Slovakia’s markets run from late November to 23 December when Slovaks take a break to engage in the time-honoured tradition of wrestling live carp into their bathtubs. They leave them to live in the water so they’re as fresh as possible for the main feast, when they’re fried and served with potato salad on Christmas Eve.
5. Bucharest and Sibiu, Romania
Christmas celebrations in Romania begin after St Andrew’s Day (30 November) when Romanians ward off ghosts and marauding vampires with cloves of garlic. At the festive market in Bucharest, reindeer sleigh-rides and handicrafts, including masks, traditional Romanian costumes and musical instruments, count among the highlights. As does chec cu nucă – panettone laced with rum and studded with candied walnuts. Plum brandy and gingerbread also feature prominently, but pride of place is reserved for the humble pig. Out of respect for a long-standing tradition, many Romanian families still slaughter a pig on Ignat Day (20 December) every year. Those with a penchant for nose-to-tail eating might wish to try the final dishes, which include caltaboș – sausages made using heart, liver and lung – and tobă – trotters and ears suspended in aspic, served in the animal’s stomach.

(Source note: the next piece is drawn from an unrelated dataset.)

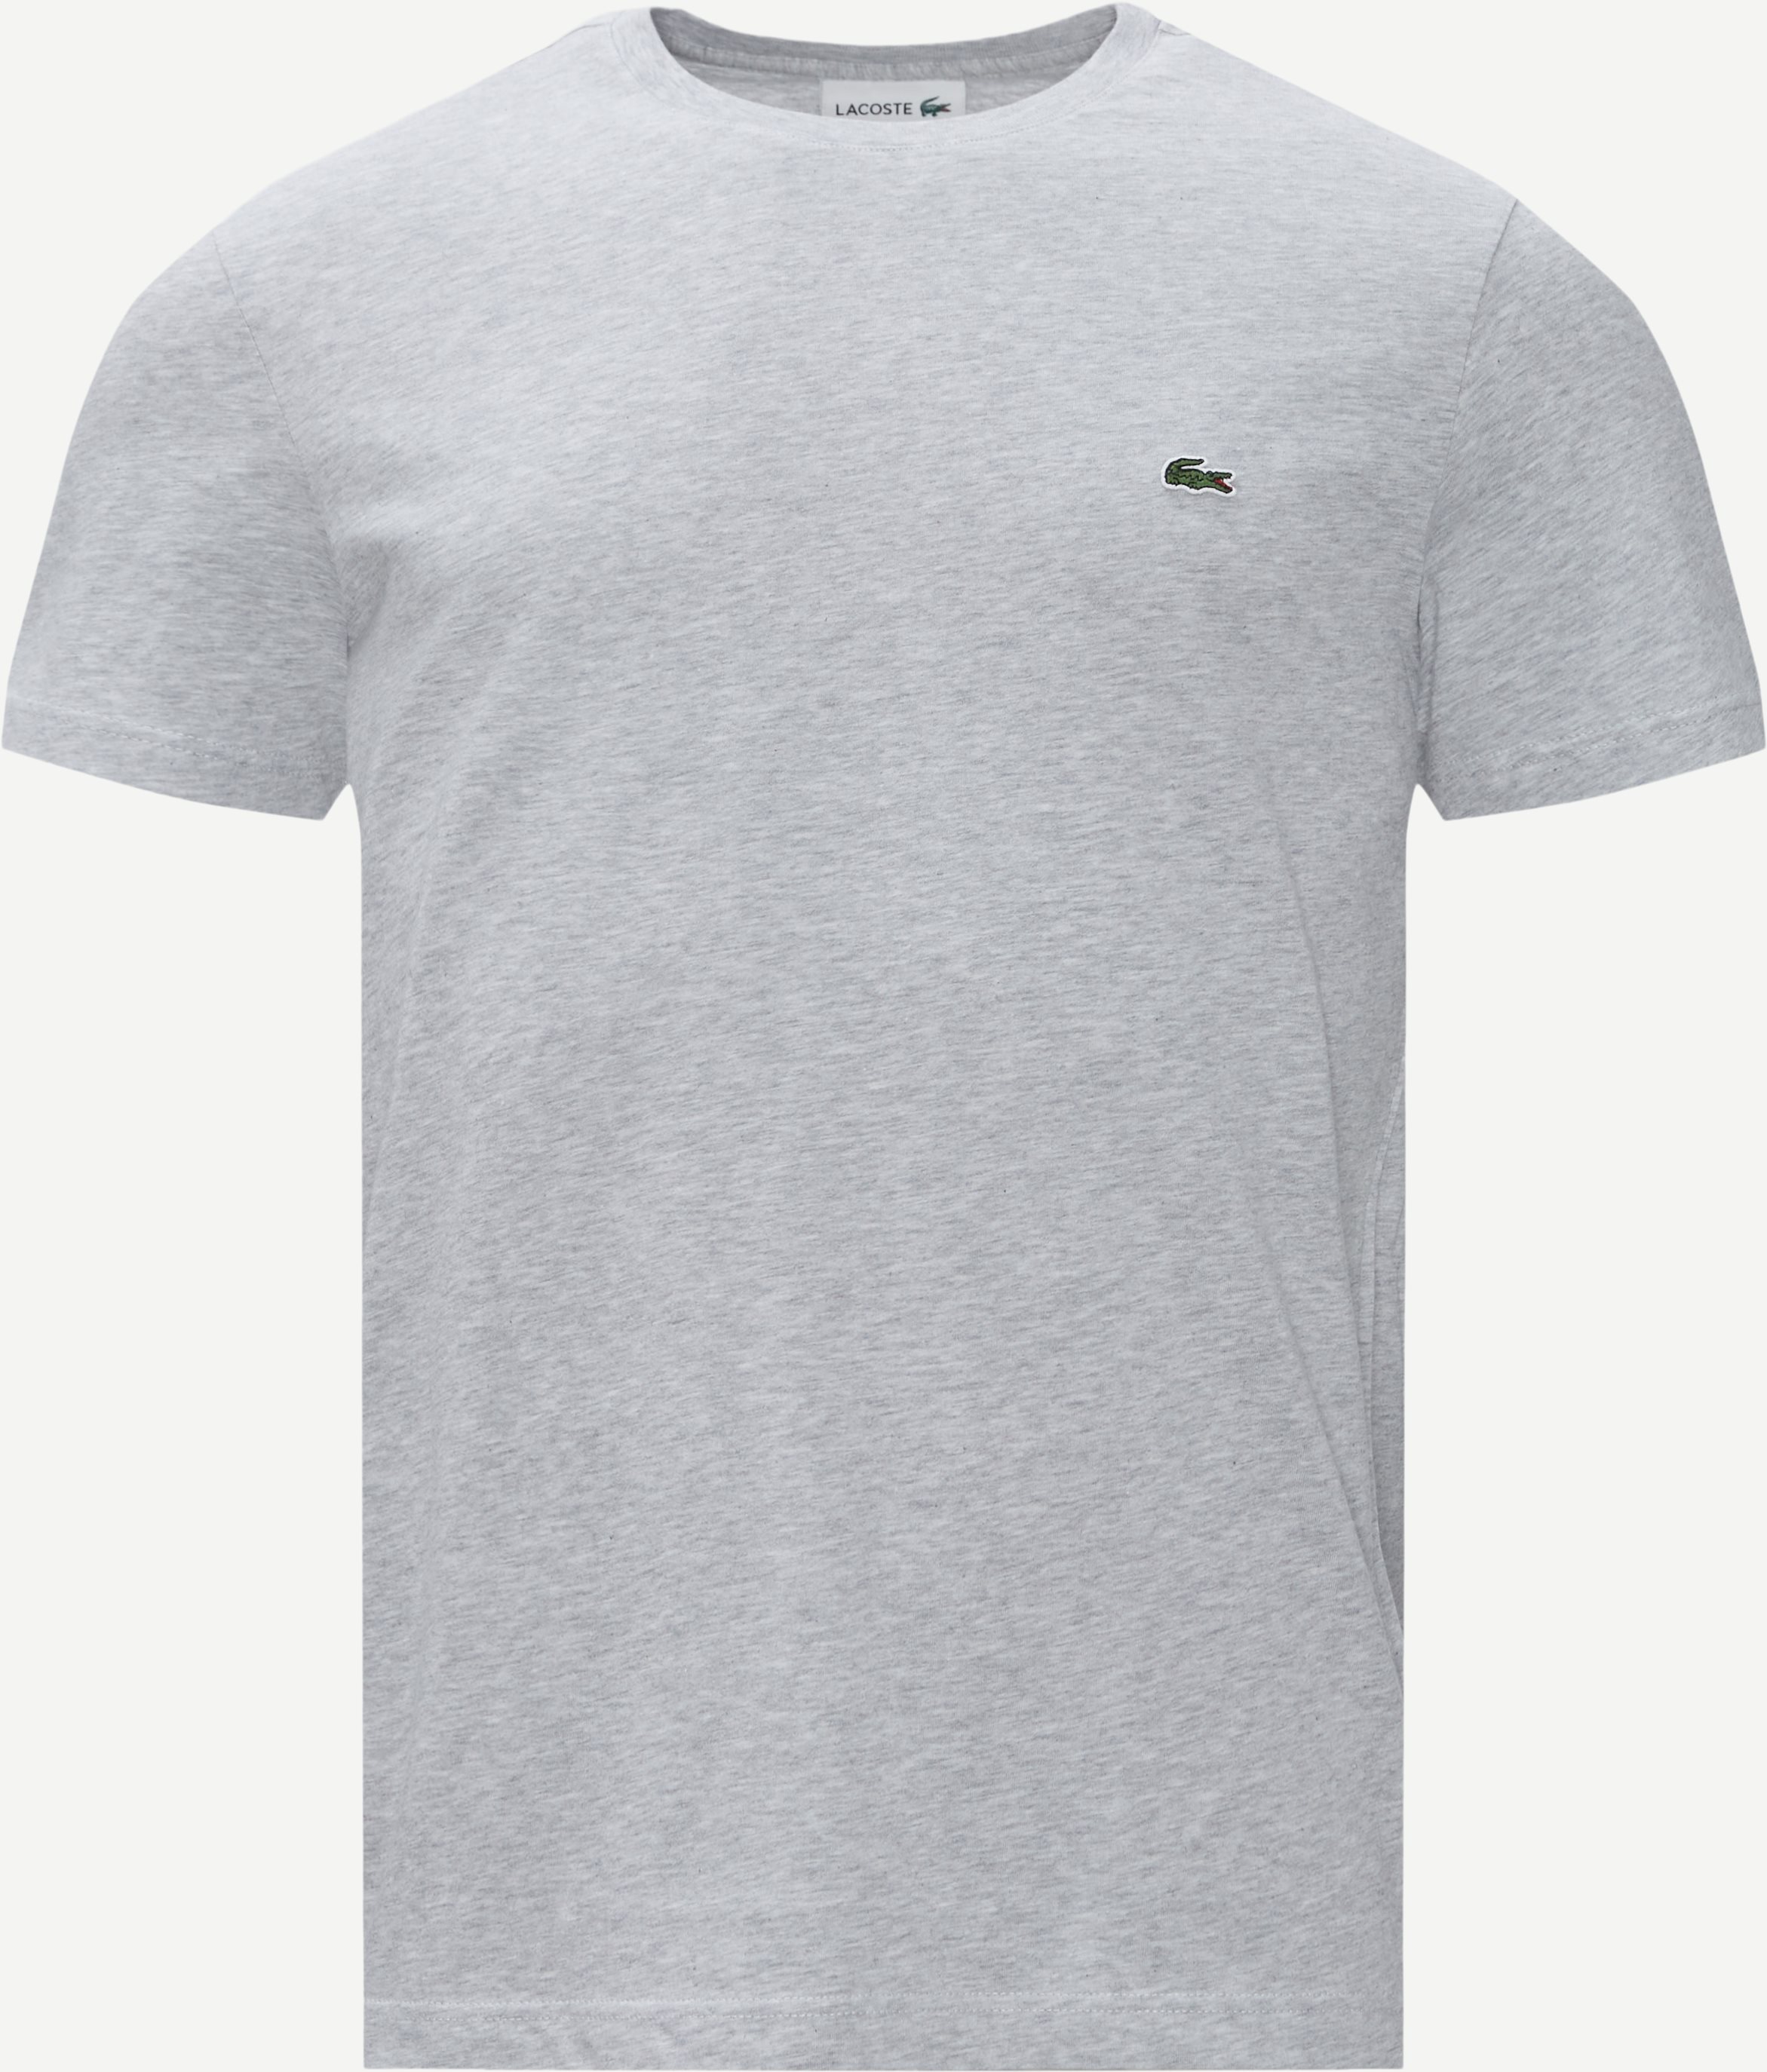 T-shirt - T-shirts - Regular fit - Grå

Idyllic Sibiu, one of Transylvania’s beautiful medieval towns, also holds a market and is well worth a visit. Here trout, smoked and wrapped in the boughs of a fir tree, is among the offerings, but the main attraction is the huge hand-carved lime-wood nativity scene, which shelters beneath the branches of the Christmas tree in the central square.
6. Lviv, Ukraine
From early December, the streets of Lviv echo to the sounds of kolyada (Ukrainian Christmas songs) as carol singers wind their way between the garlanded wooden houses in the city’s central square. Watch processions of children in peasant costume carrying hunting horns and didukh – sheaves of wheat which pay tribute to Ukraine’s agrarian heritage and symbolise a family’s ancestors. Enjoy a piece of medivnyk – spiced honey cake – or doughnuts (pumpushki) buried under a snow-storm of icing sugar and wait for the main event: the spectacular puppet shows for which the city is famous. Every year, on 23 of December, bibles stories are played out in front of the city hall using giant wooden puppets, some as tall as two metres, illuminated by fireworks displays, and smouldering braziers.

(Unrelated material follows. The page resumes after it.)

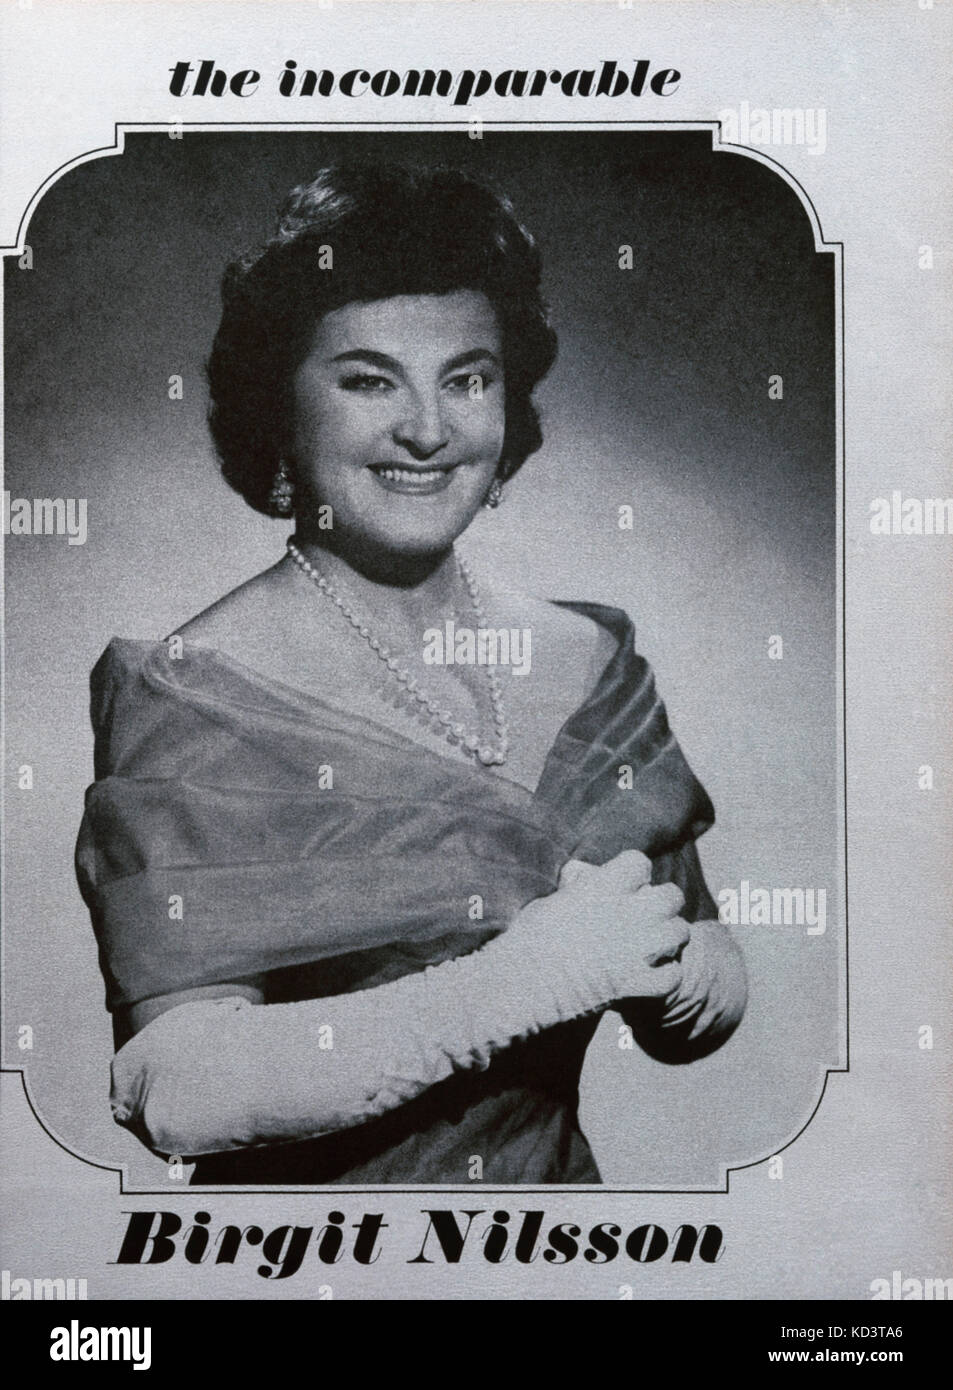 Birgit Nilsson - Porträt der schwedische Sopranistin, Dezember 1963. Werbung. BN: 17 Mai 1918 - 25. Dezember 2005. Musikalische Amerika. Stockfoto

Where better to do a spot of Christmas shopping than the birth place of Sinterklaas (Santa Claus) himself? In Amsterdam, celebrations begin on Saint Nicholas’ Eve (5th of December) with a host of processions to mark the Saint’s arrival in the city.

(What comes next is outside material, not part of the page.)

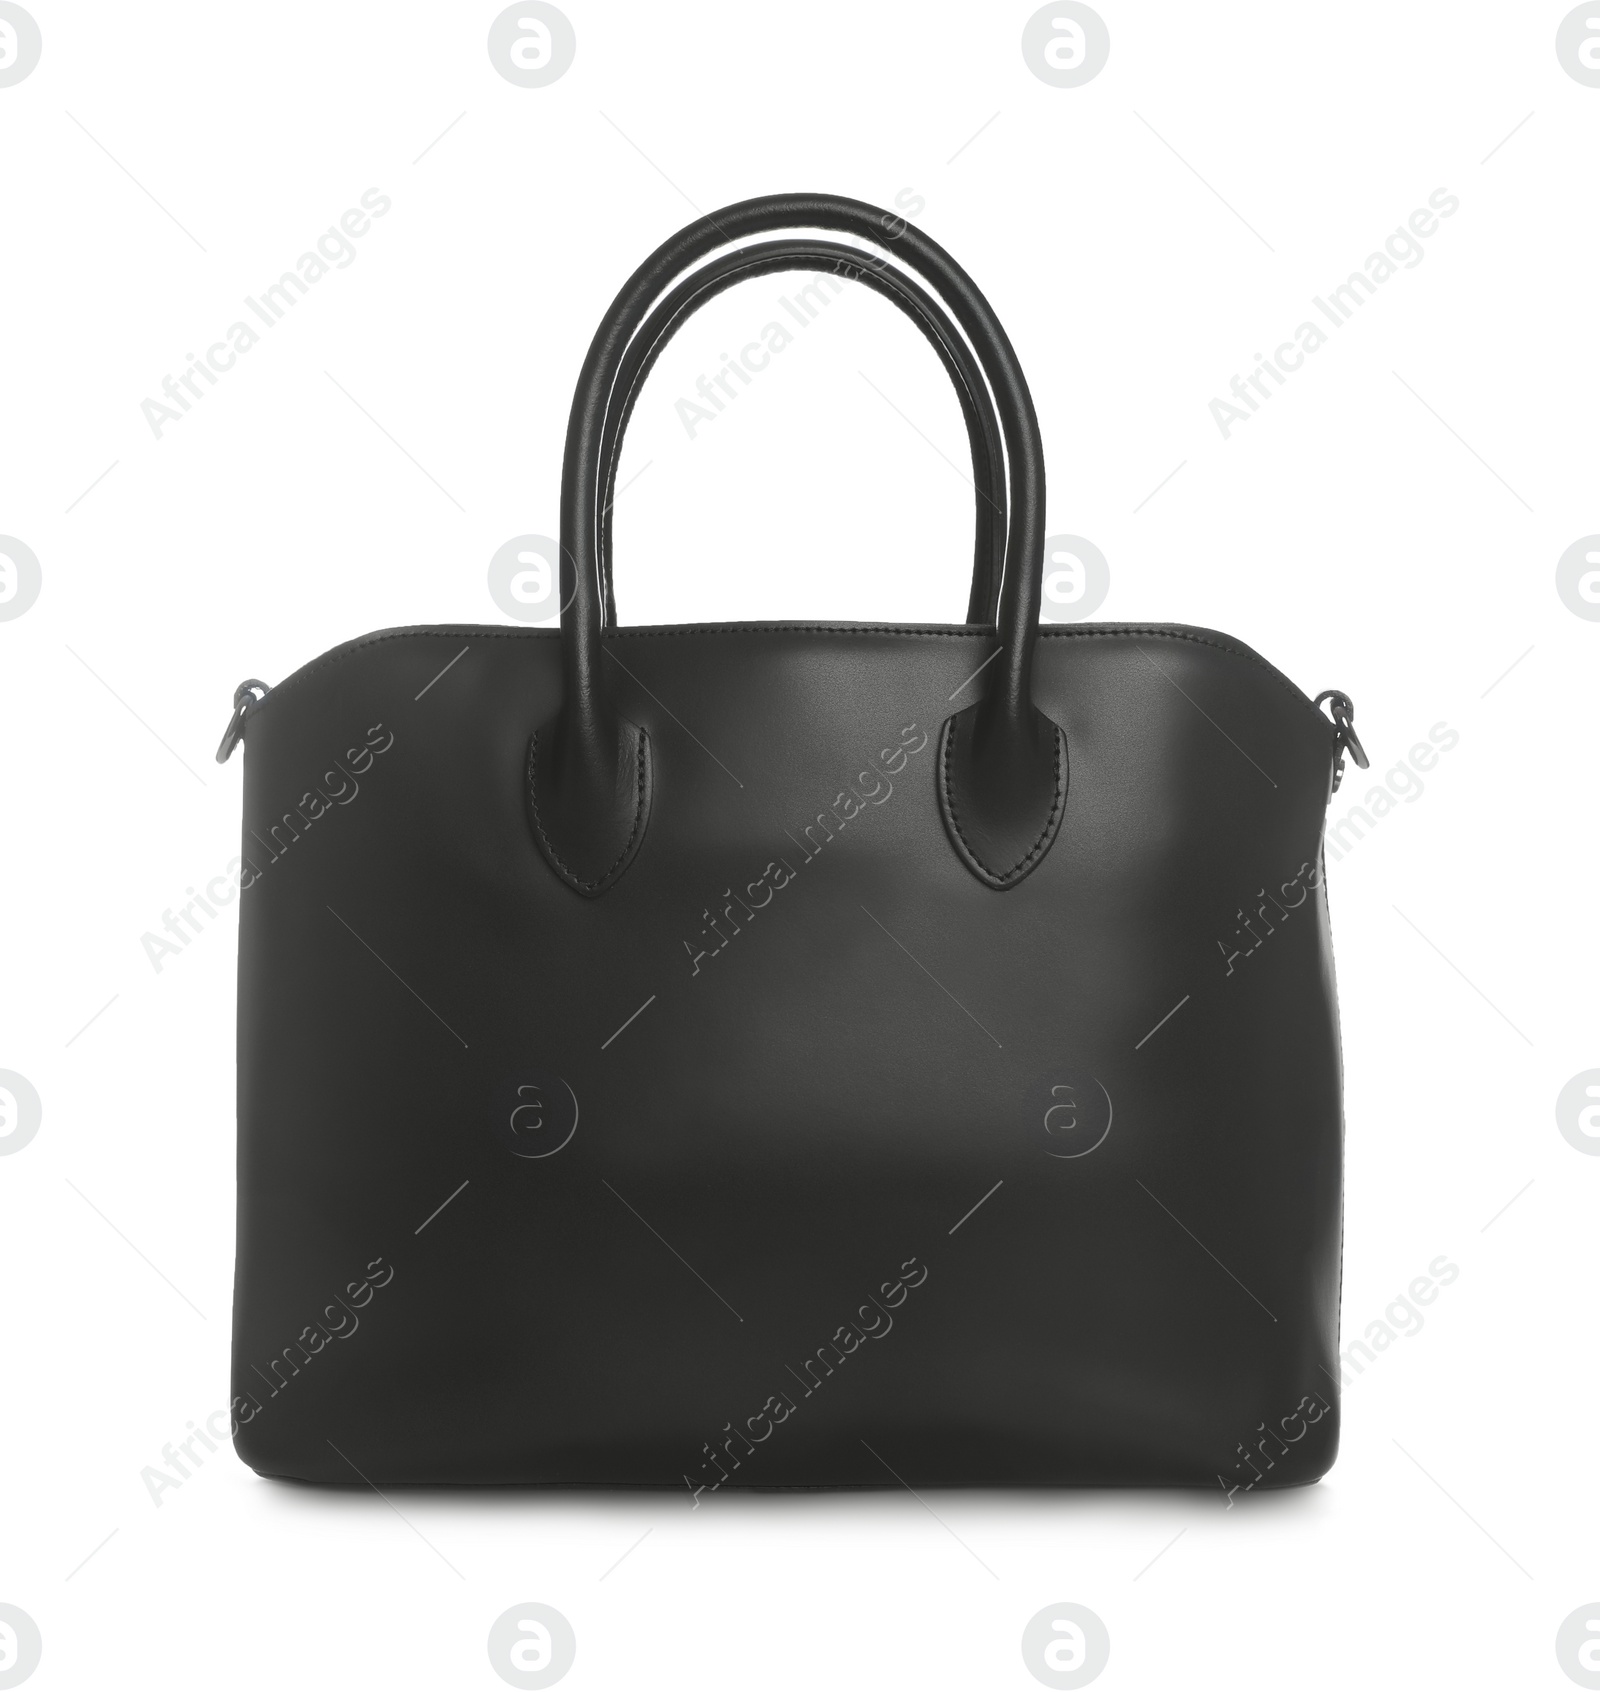 Photo of Stylish black woman's bag isolated on white

Amsterdam also plays host to a variety of festive markets throughout the month of December with ice-rinks and handy-craft stalls filling the streets of Leidseplein and Koningsplein. Take a break from mulled wine and mince pies and try Oliebollen, delicious warm doughnuts studded with dried fruit and citrus zest: the Dutch festive treat of choice.
Wander along the canals and marvel at the reflections of the Christmas lights that hang from the trees and be sure to visit the Bloemenmarkt, the city’s floating flower market, which rustles with freshly cut pines in the run up to Christmas. If you’re really lucky, and the temperatures tumble, you can watch as hundreds of skaters take to the city’s frozen waterways.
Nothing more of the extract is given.